Behind every advancement in maritime technology is something deeply human: protecting the people, industries, and global communities that rely on safe movement across the world’s oceans every day.

Connection isn't limited to the Earth’s surface — it extends more than 22,000 miles into orbit.

Every message sent, every call home, and every moment of global connectivity depends on satellites operating reliably in the harshest environment imaginable.

Today, more than 7,500 active satellites orbit Earth, supporting everything from GPS navigation and emergency communications to banking systems, aviation, weather forecasting, and global internet connectivity.

In space, communication systems must withstand radiation exposure, temperature swings ranging from -150°C to over 120°C, and years of continuous operation without failure — where even the smallest disruption can impact millions of people on Earth in seconds.

Fibercore’s range of specialty optical fibers helps enable high-performance satellite-to-satellite communications, supporting the fast, stable, and reliable transmission of data across orbiting networks that move vast amounts of information around the globe every day.

From global communications infrastructure and navigation systems to earth observation and defense applications, these advanced optical fiber technologies are engineered to perform where reliability is mission critical — helping support systems the modern world depends on 24 hours a day, 365 days a year.

Because beyond every signal in space is something deeply human: the ability to stay connected to the people who matter most.

The pursuit of fusion energy has the potential to redefine how the world is powered — offering a cleaner, more sustainable energy future built on one of the most complex scientific challenges ever undertaken.

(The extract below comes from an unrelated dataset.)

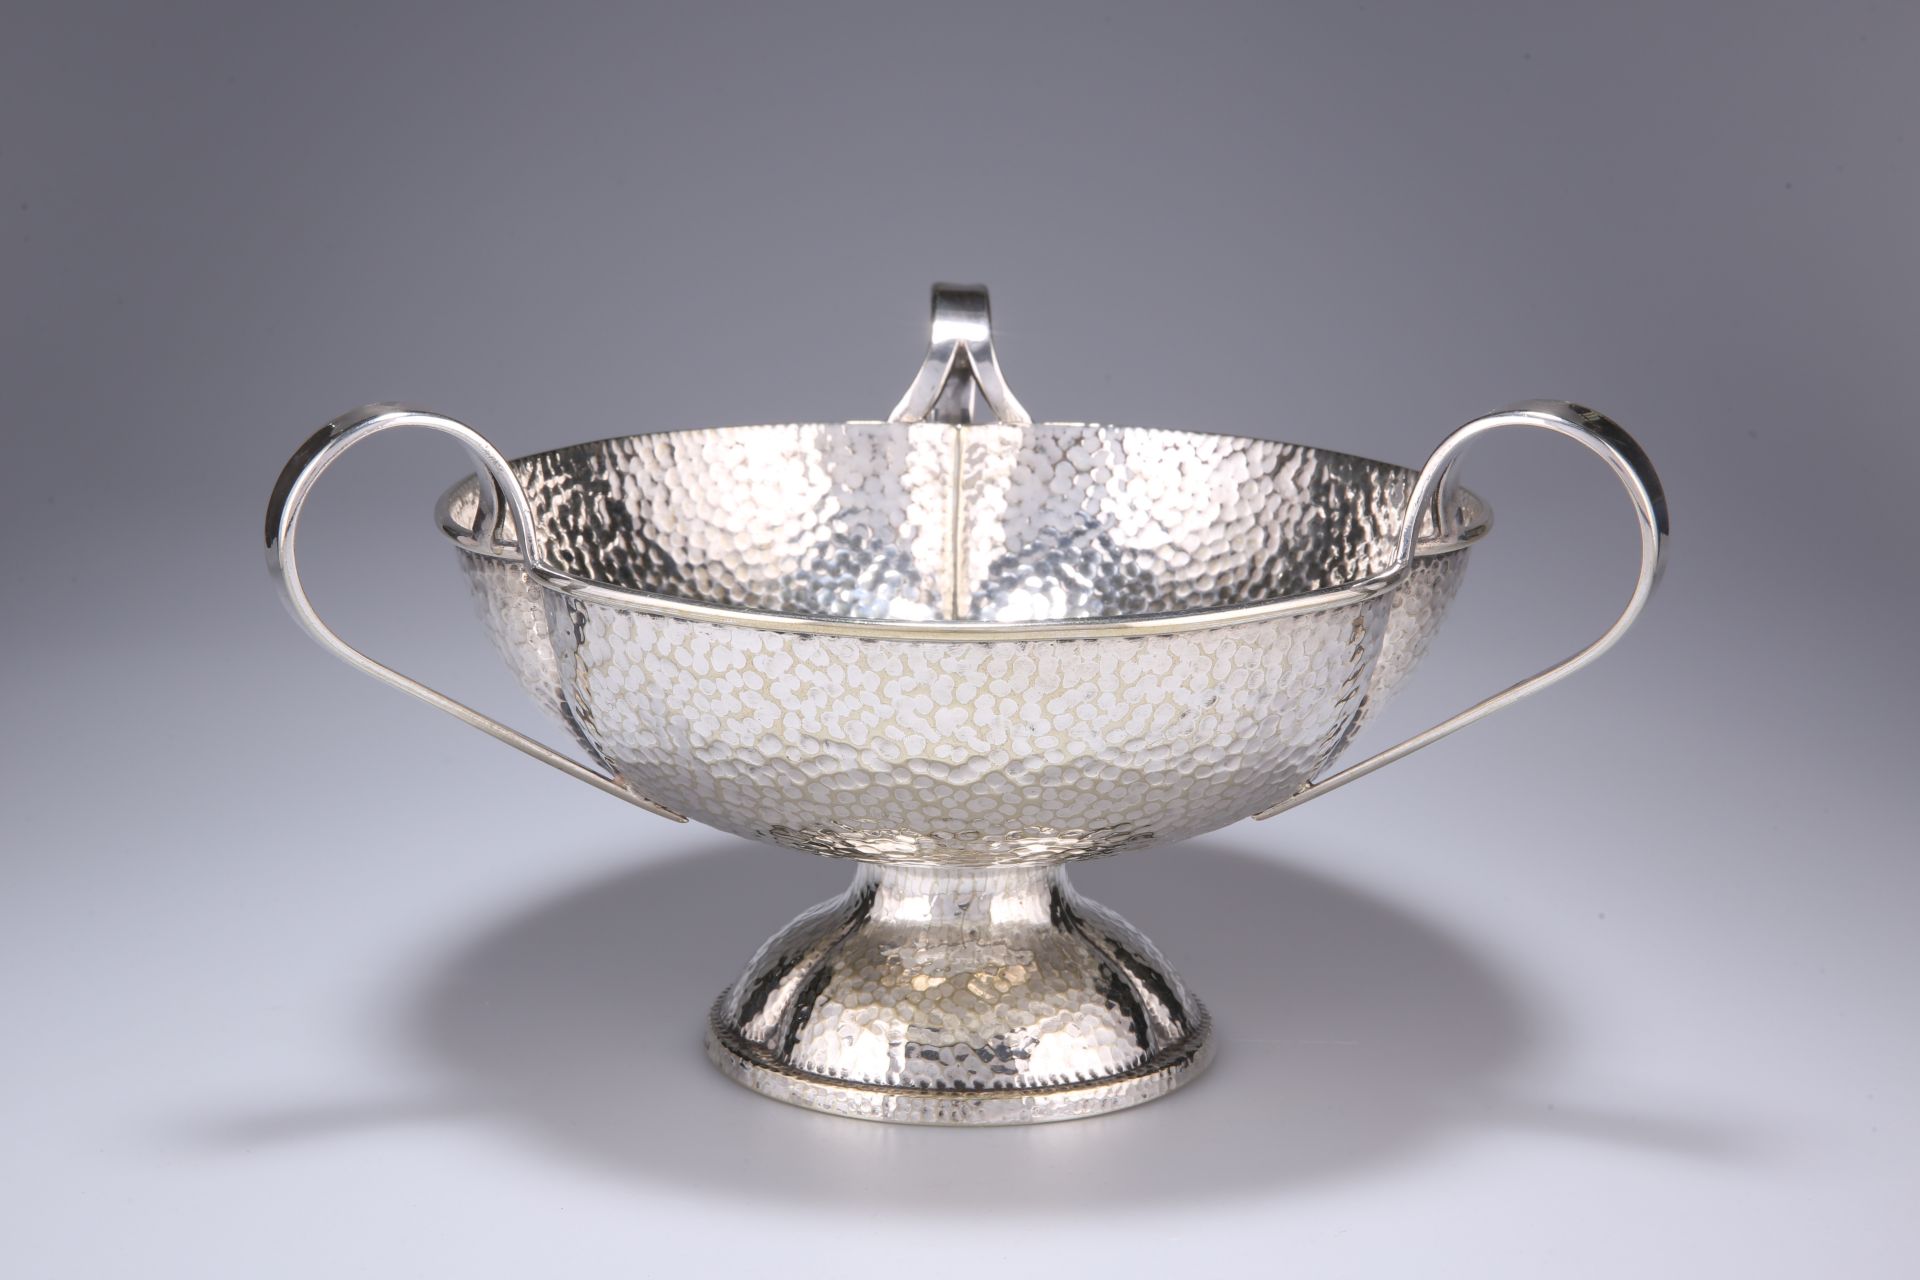 AN ART NOUVEAU SILVER-PLATED THREE-HANDLED TAZZA - Image 2 of 3

A future with fusion energy could mean lower emissions, more resilient energy systems, and access to reliable power for generations to come — helping support healthier communities, stronger infrastructure, and a more sustainable planet.

But advancing fusion research demands more than ambition. It demands technologies capable of performing with extraordinary precision in some of the harshest environments imaginable.

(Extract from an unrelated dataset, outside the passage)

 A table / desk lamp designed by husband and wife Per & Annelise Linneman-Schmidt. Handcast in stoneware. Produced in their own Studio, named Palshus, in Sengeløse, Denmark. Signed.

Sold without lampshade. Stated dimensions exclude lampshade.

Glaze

Fibercore’s advanced optical fiber technologies support critical sensing and communication systems used in fusion research environments, where extreme temperatures, electromagnetic interference, and highly complex operating conditions require exceptional reliability and accuracy.

These high-performance fibers help enable the precise monitoring and data transmission researchers depend on to better understand, control, and advance next-generation fusion systems.

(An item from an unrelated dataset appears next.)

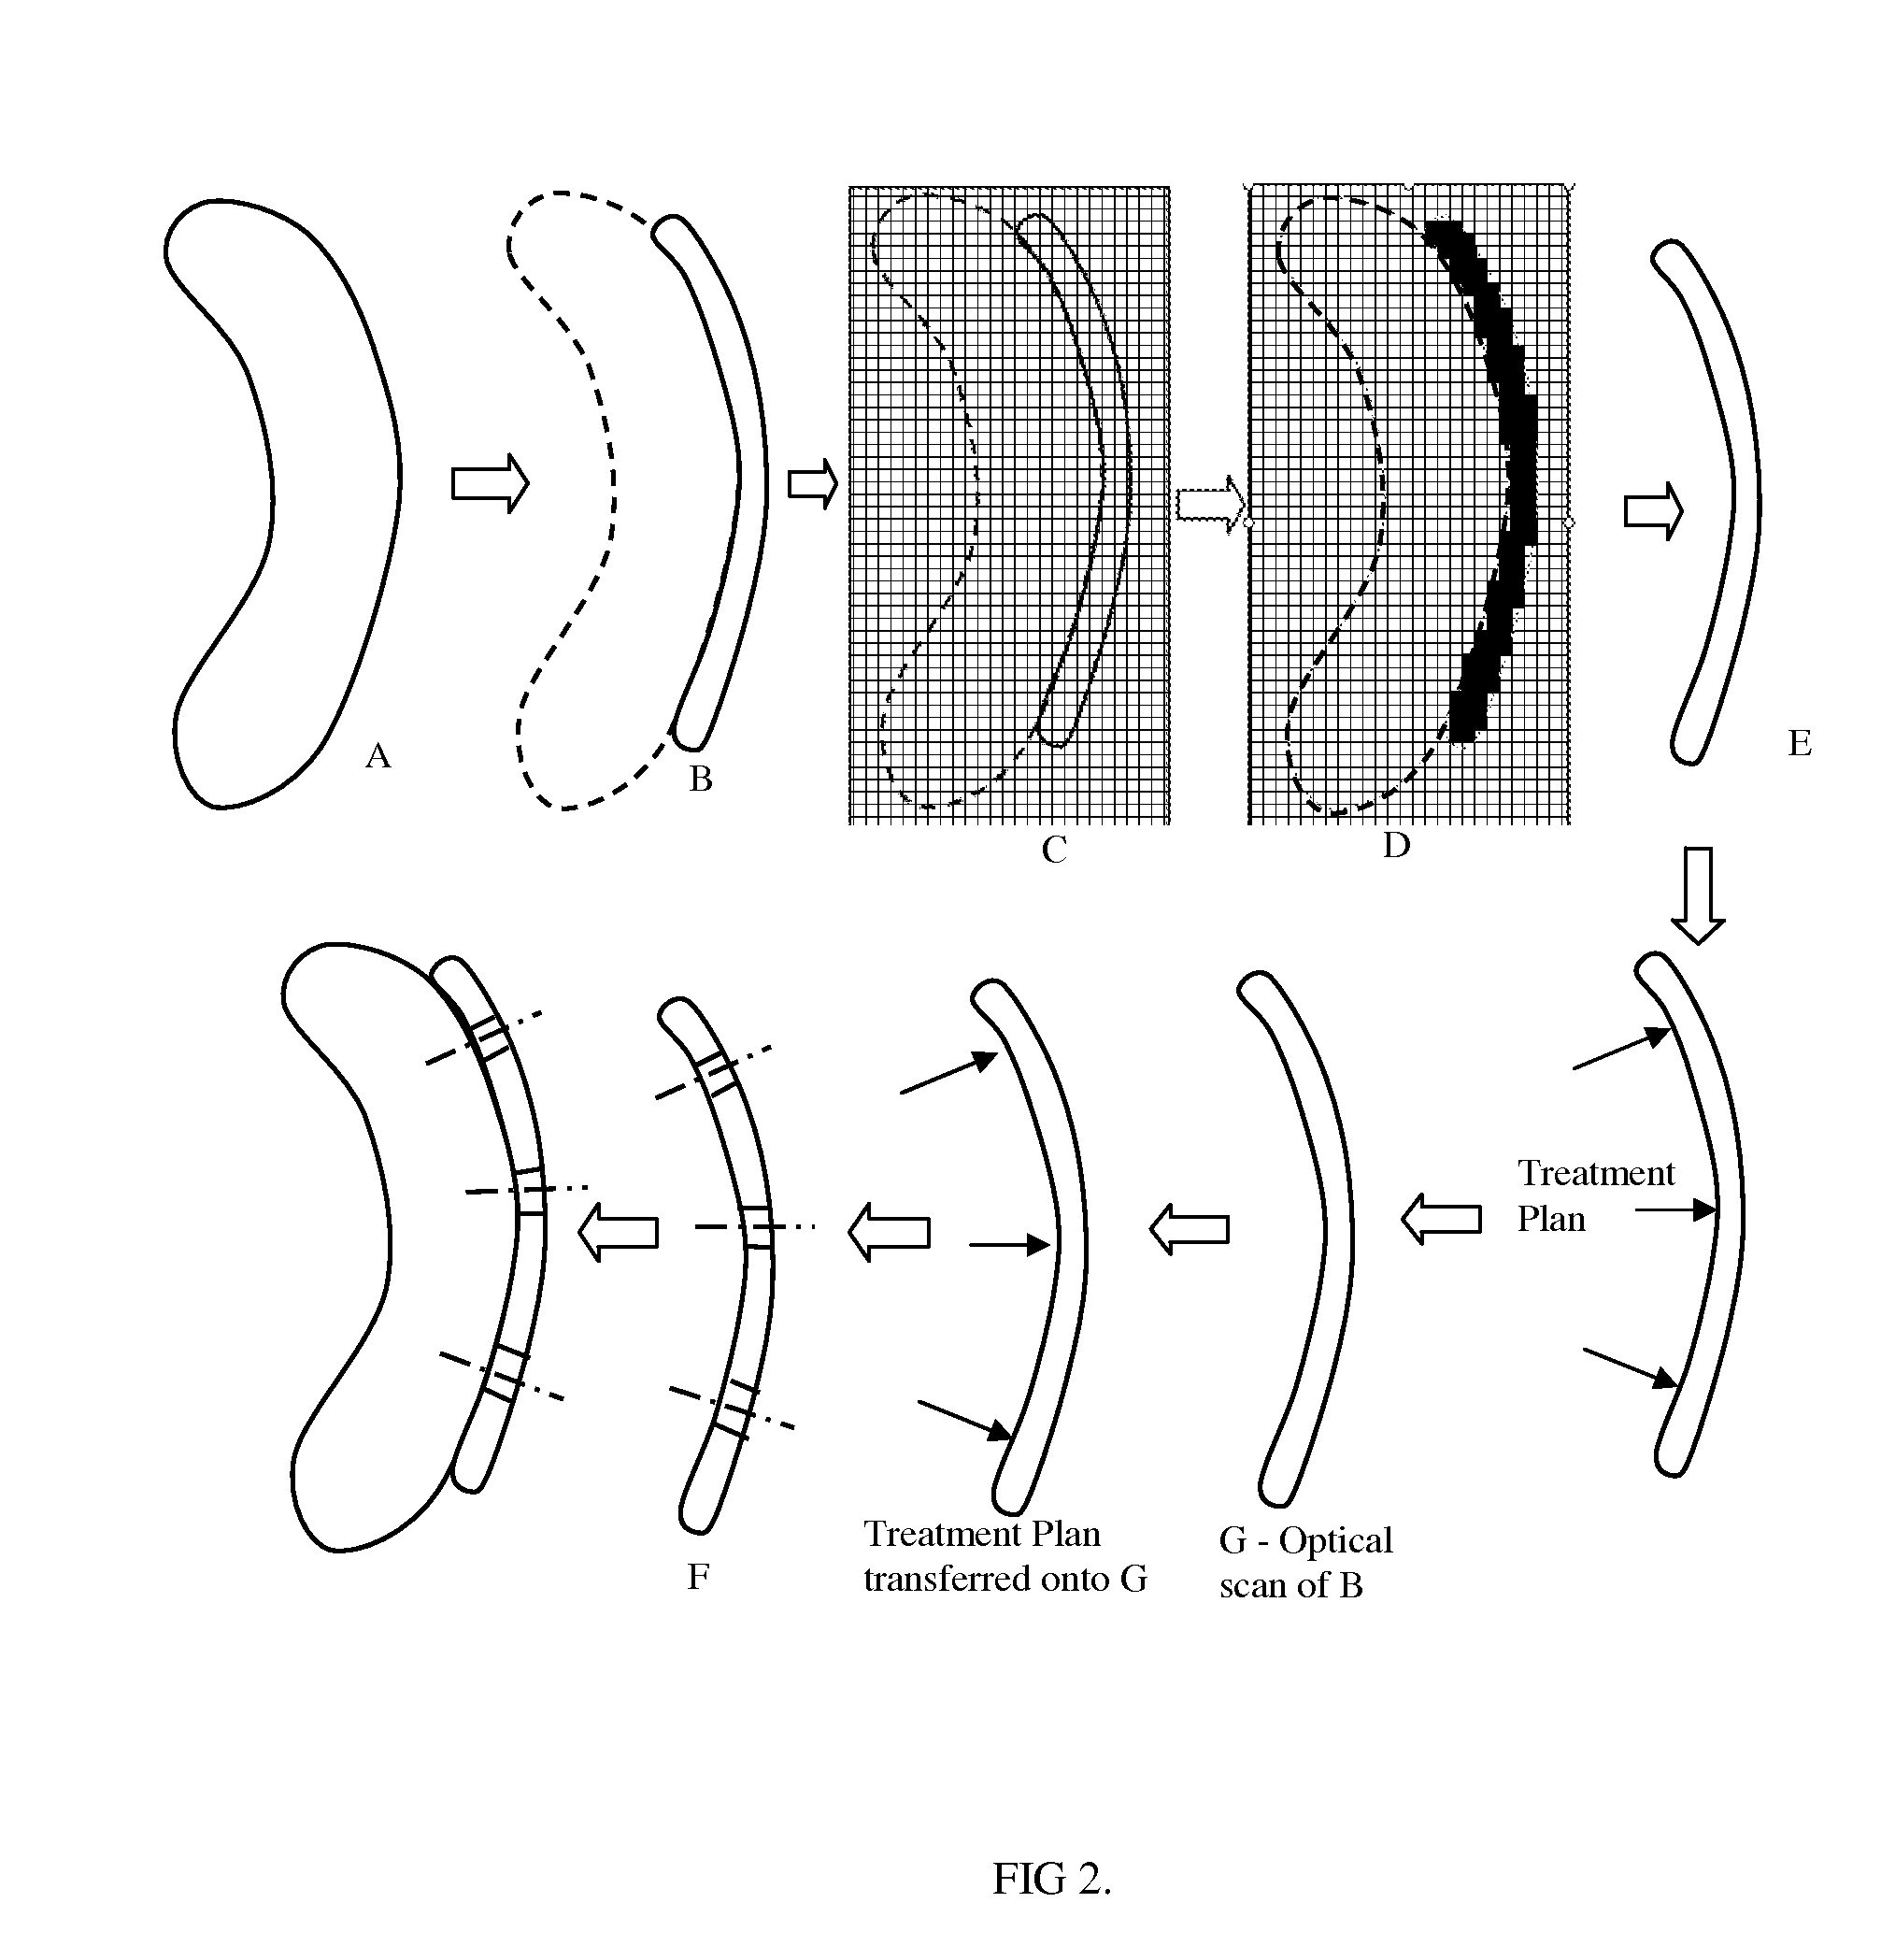 Design method of surgical scan templates and improved treatment planning

Because breakthroughs at this scale are not only about advancing science.

They are about creating technologies that could fundamentally improve how people live, power communities more sustainably, and help build a safer future for the world around us.

In some of the harshest environments on earth, precision becomes critical long before danger is visible.

Deep beneath the surface, down-hole drilling operations expose workers and equipment to extreme pressure, heat, vibration, and mechanical stress — where reliable measurement is essential to maintaining safety, operational control, and confidence in every decision being made underground.

The conditions are unforgiving. Down-hole tools can operate at pressures exceeding 20,000 psi and temperatures above 200°C (392°F), leaving little margin for error when people, infrastructure, and environmental safety are at stake.

In these environments, early insight matters. A single undetected issue can place crews at risk, disrupt critical operations, and impact the systems communities rely on every day.

HITEC specializes in custom sensing solutions for down-hole drilling applications, delivering the precise force and strain measurements engineers need to better understand system behavior, identify potential issues earlier, and maintain reliability under some of the most demanding operating conditions imaginable.

These advanced technologies help support safer operations, improve decision-making in real time, reduce unnecessary risk, and strengthen the reliability of critical energy infrastructure around the world.

Because in extreme conditions, better insight does more than improve performance.

It helps protect the people working in these environments — and the communities that depend on them.